The agent had more than one bottle, and he was a convivial type, fond of following to the end his own lines of talk. It ended with Strong staying the the night with him, with business put off until the morning.

Then Strong got his order for two hundred head at thirty-five dollars a head, seven thousand dollars, of which over five thousand was profit, but which had been dearly paid for just the same. It would have set Bramley and he on their feet, he thought. For him alone it was more than sufficient capital to launch out on a big scale. And he knew that he had the agent's favor in the future.
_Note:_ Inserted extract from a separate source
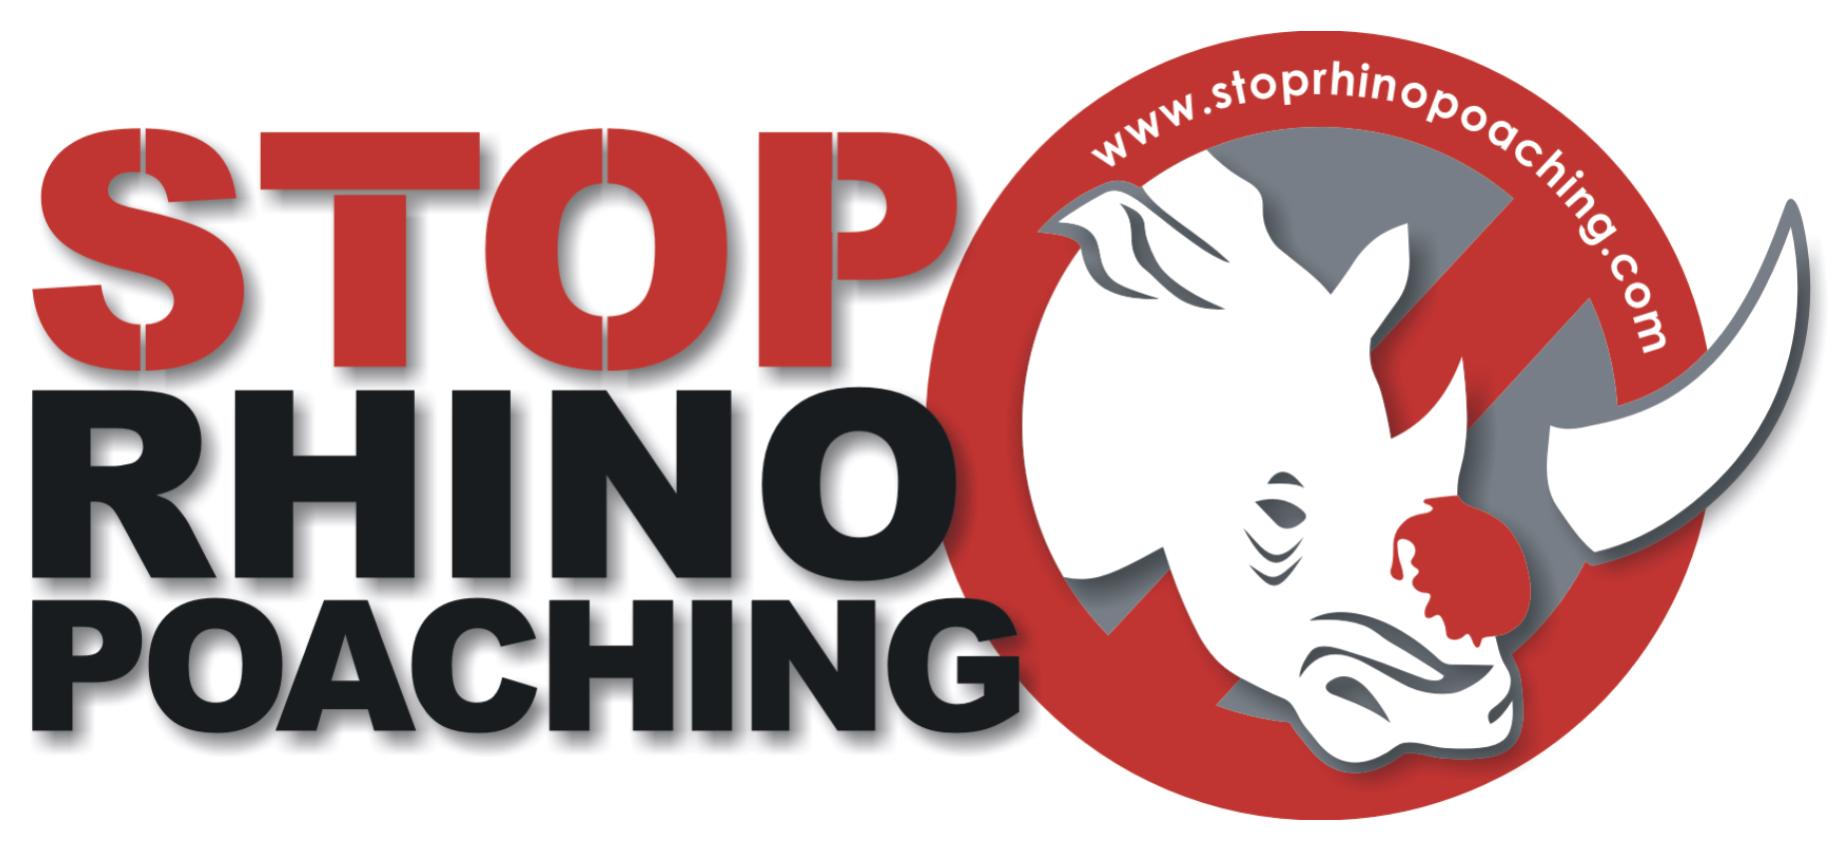 StopRhinoPoachingPetition.png

But the glory of it all was tarnished. He had little satisfaction in the transaction now. That he was on the high road to fortune was certain. Maria, Hurley, and the vaqueros would profit by it, but Strong had no one to share it with. Unless—he thought of the girl—and the agent jested, accusing him of his actual thought, and he reddened.

“If she don't take you,” said the other, genial at the evening's end, mellowed by liquor and the satisfaction of having had an excellent listener to all he thought of the faults of the country and his own improvements thereon, “she don't know a man when she sees one. You get in with these railroads, sell 'em beef, and you'll be rich in five years. You've got something to offer a girl, suh. An' that counts with the best of 'em. Strong, I wish I was standing in your boots.”

When Strong turned in he was wondering if he could stand a chance. He resolved to try it.

The stage had gone on early in the morning, long before he could get the agent to let him go, settling the terms of the delivery and payment. Strong did not know whether he was relieved or not. He had debated whether or not he should go back in the stage, and had given up that idea from sheer shyness. But he resolved to meet her. If she was going on a ranch, that would be easy. He found himself building golden dreams as he finally started out early that afternoon.

The Apaches had been rounded up, the railroad man, whose name turned out to be Thompson, had stayed over at Encinada to recover, and the agent had introduced Strong to him. The man was upset, and Strong managed to put him at ease. Altogether it had been a great trip.

He could short-cut to the ranch by avoiding Laguna but he decided that he had some errands there—chewing tobacco for Hurley, for one thing. He would see if Clayborne had heard anything about the will and also find out what Edmonds knew about Thompson, if Edmonds was back. Clayborne had said that the latter expected to return by now.

And all the time Strong knew that his real reason for not going directly to the Bar B was the hope that he would see the girl again or at least learn her name and find out to what ranch she had gone. It was amazing, the difference just seeing one particular girl made to a man. Significant, he told himself, that this must be the one for him, if he was man enough to win her. The change in everything was inconceivable, as if he had been in darkness all this time and the light had suddenly been turned on.

Even his determination to avenge Bramley had been relegated to the immediate background—not shelved, not forgotten, but no longer assuming supreme, entire importance. There were other things now in life. And all because of the glimpse of a girl, one glance of her eyes. It was magic—that was the only word for it. Not many girls had such power. Not many girls were like her—none.